Heat the salad oil in a sauce pan, add onions and pepper; cook till half tender, then add tomatoes, salt and the loaf sugar. Cook slowly till the onions are tender, and the sauce is reduced one-third. Cook macaroni or spaghetti as directed (in boiling water or stock until tender). Put into a heated dish, stir about two ounces of grated cheese through it, pour over the sauce, and serve at once. Serves six.
Cabbage Salad - 2 cupfuls shredded cabbage, 2 canned pimientos diced, 2 tart ripe apples, 1/4 cupful nutmeats, Mayonnaise, Lettuce.

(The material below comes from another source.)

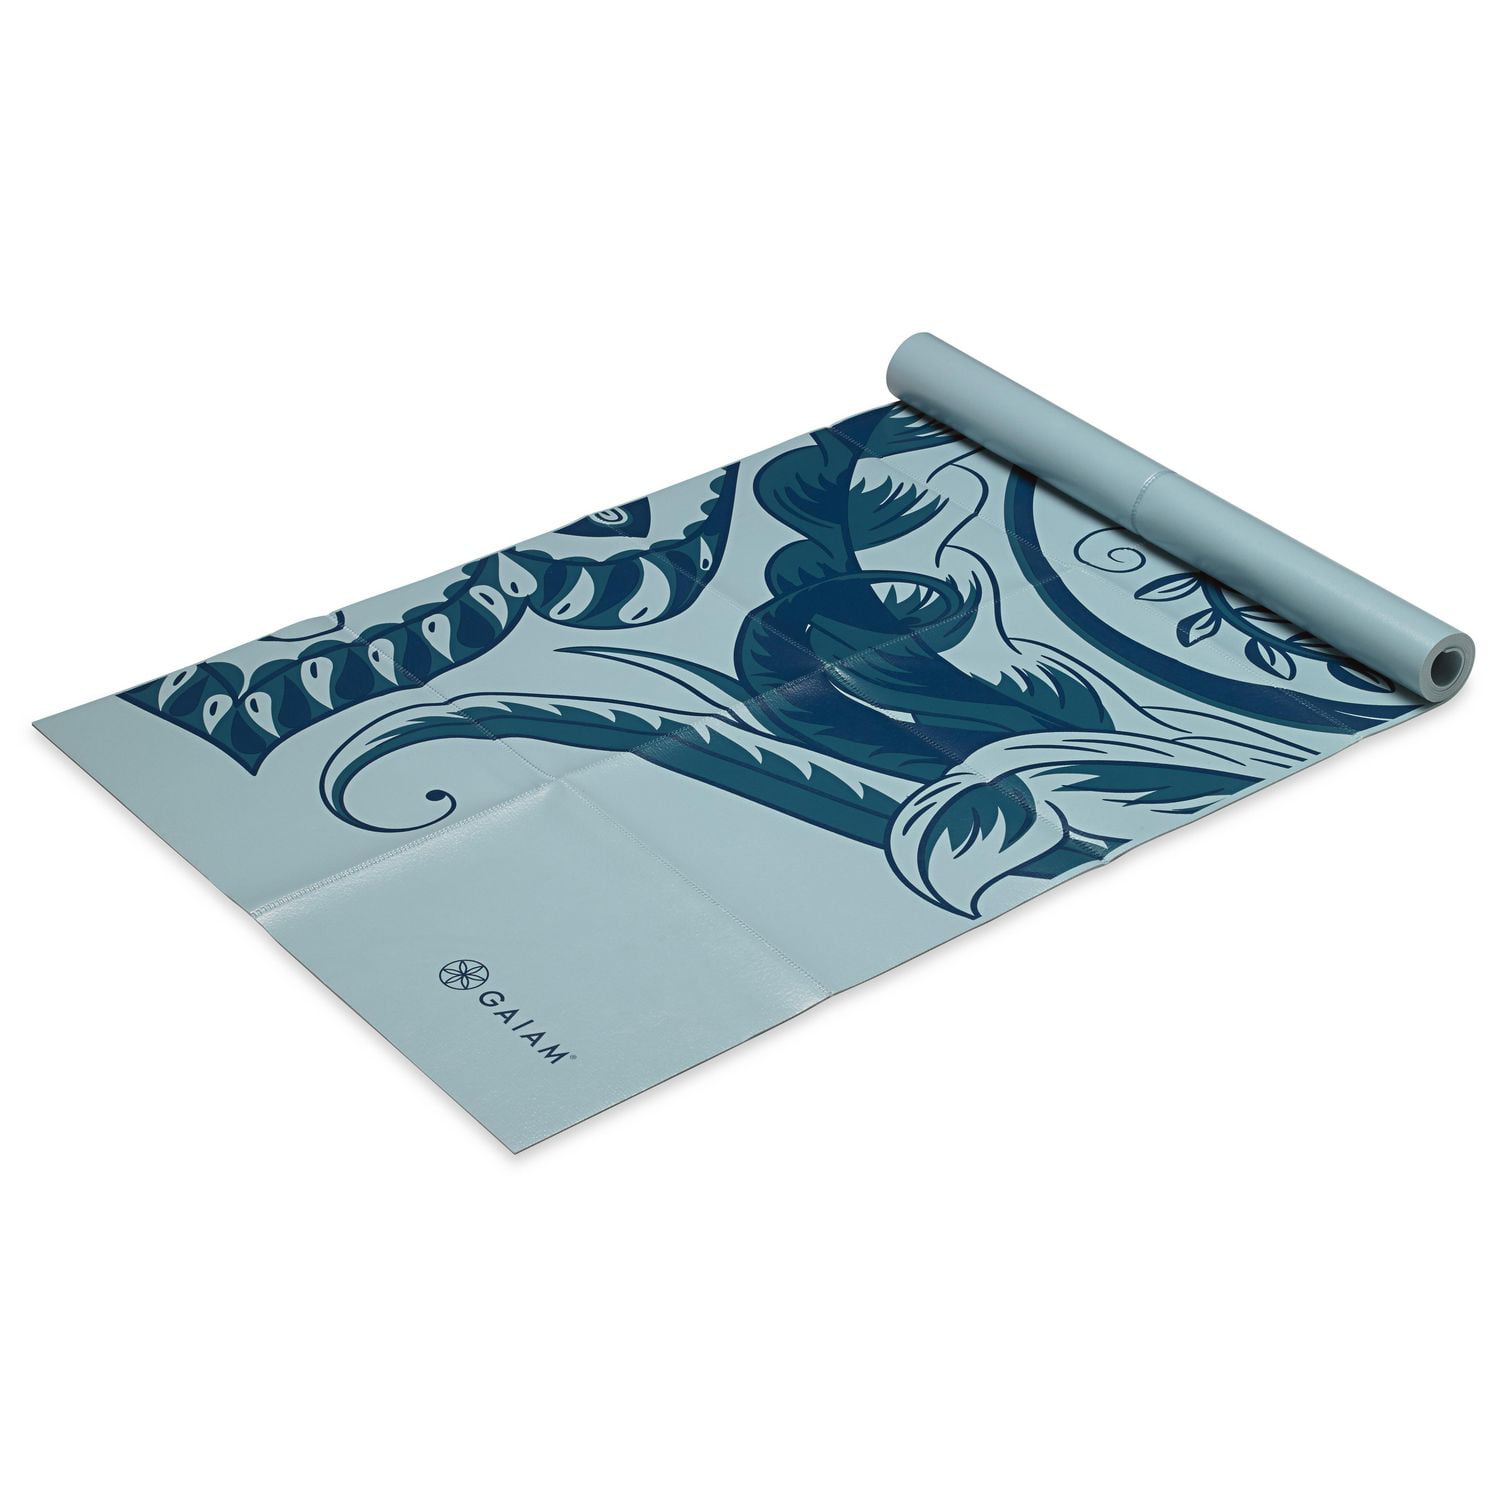 Gaiam 5mm Printed Yoga Mat Tie Dye Frost - ShopperBoard

Combine shredded cabbage, apples which have been pared, cored and cut into matches (Sticks), the diced pimientos and the nut-meats coarsely chopped. Mix lightly with mayonnaise or cooked dressing, lay on a bed of white lettuce leaves, mask with a little more of the dressing, ornament with more diced pimientos and a few quartered nut-meats and serve at once. Do not prepare the salad until needed. Either white cabbage or Chinese cabbage may be used. Serves six.
Super Bliss says: To make a sandwich, put it on bread.
Jellied Meat Salad - 2 cups cooked veal, diced; 1 green pepper, minced; 1/2 cup cucumber, cubes; 1/2 cup cooked string beans; 2 cups well seasoned stock; 1 tbsp. minced parsley; 1 cup celery, diced; 1 cup mayonnaise; 1 tsp. minced onion; 4 tbsp. cold water; 2 tbsp. gelatin; salt and paprika.
Soak gelatin in cold water and stir in hot stock. Strain into a mold. Combine the other ingredients, seasoning well. Stir into the jelly when it begins to thicken. Chill. Slice and serve on lettuce leaves.
Caramel Junket - Dissolve two Junket tablets in one cupful of cold water. Meanwhile, melt four tbsp. of sugar until caramel in color. Add 6 tbsp. of boiling water and continue cooking until the sirup is clear and smooth. Add this to one quart of milk, lukewarm - not hot. If the milk is scalded, the Junket will not "jelly". To the mixture add one tsp. of vanilla and last, the dissolved Junket. Stir one minute longer; pour at once into dessert glasses. Do not disturb until firm, then chill in refrigerator.
Super Bliss says: Junket is a brand of rennet tablets still available in most supermarket baking aisles, or online.